Steven McKinney smckinney at bccrc.ca
Fri Aug 3 23:50:05 CEST 2007


> What would break is that three methods for doing the same thing would
> give different answers.
> 
> Please do have the courtesy to actually read the detailed explanation you
> are given.

Sorry Prof.
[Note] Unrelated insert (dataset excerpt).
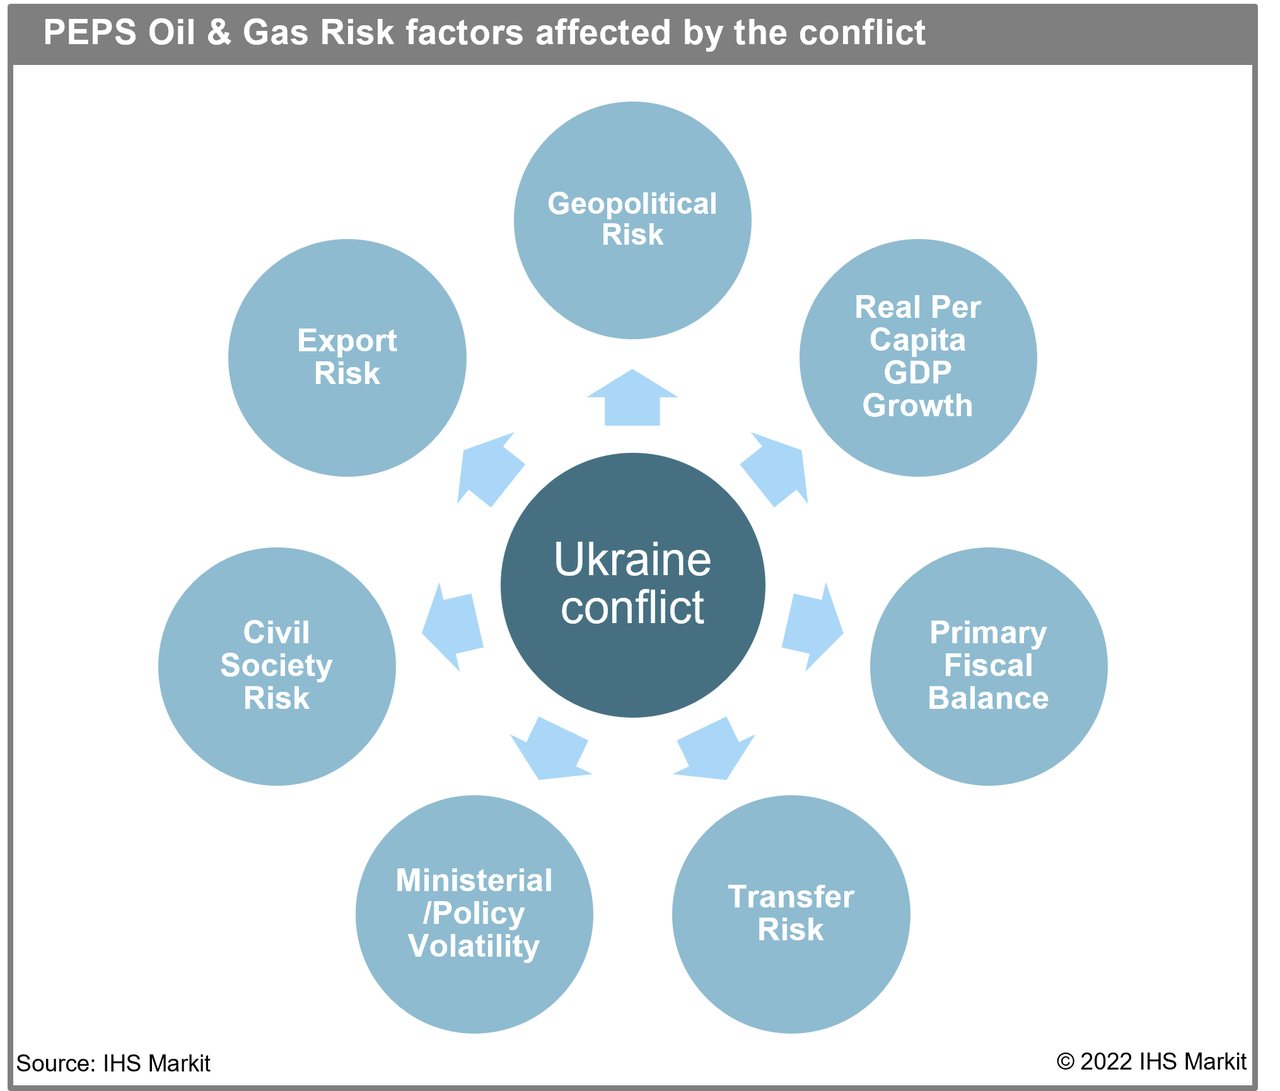 PEPS Oil & Gas risk factors affected by the conflict

Ripley, I am attempting to read carefully, as this
issue has deeper coding/debugging implications, and as you
point out, 
  "[.data.frame is one of the most complex functions in R"
so please bear with me.  This change in behaviour has 
taken away a side-effect debugging tool, discussed below.


> 
> 
> On Fri, 3 Aug 2007, Steven McKinney wrote:
> 
> >
> >> -----Original Message-----
> >> From: Prof Brian Ripley [mailto:ripley at stats.ox.ac.uk]
> >> Sent: Fri 8/3/2007 1:05 PM
> >> To: Steven McKinney
> >> Cc: r-help at stat.math.ethz.ch
> >> Subject: Re: [R] FW: Selecting undefined column of a data frame (was [BioC] read.phenoData vs read.AnnotatedDataFrame)
> >>
> >> I've since seen your followup a more detailed explanation may help.
> >> The path through the code for your argument list does not go where you
> >> quoted, and there is a reason for it.
> >
> >
> >> Generally when you extract in R and ask for an non-existent index you get
> >> NA or NULL as the result (and no warning), e.g.
> >>
> >>> y <- list(x=1, y=2)
> >>> y[["z"]]
> >> NULL
> >>
> >> Because data frames 'must' have (column) names, they are a partial
> >> exception and when the result is a data frame you get an error if it would
> >> contain undefined columns.
> >>
> >> But in the case of foo[, "FileName"], the result is a single column and so
> >> will not have a name: there seems no reason to be different from
> >>
> >>> foo[["FileName"]]
> >> NULL
> >>> foo$FileName
> >> NULL
> >>
> >> which similarly select a single column.  At one time they were different
> >> in R, for no documented reason.


This difference provided a side-effect debugging tool, in that where

  > bar <- foo[, "FileName"]

used to throw an error, alerting as to a typo, it now does not.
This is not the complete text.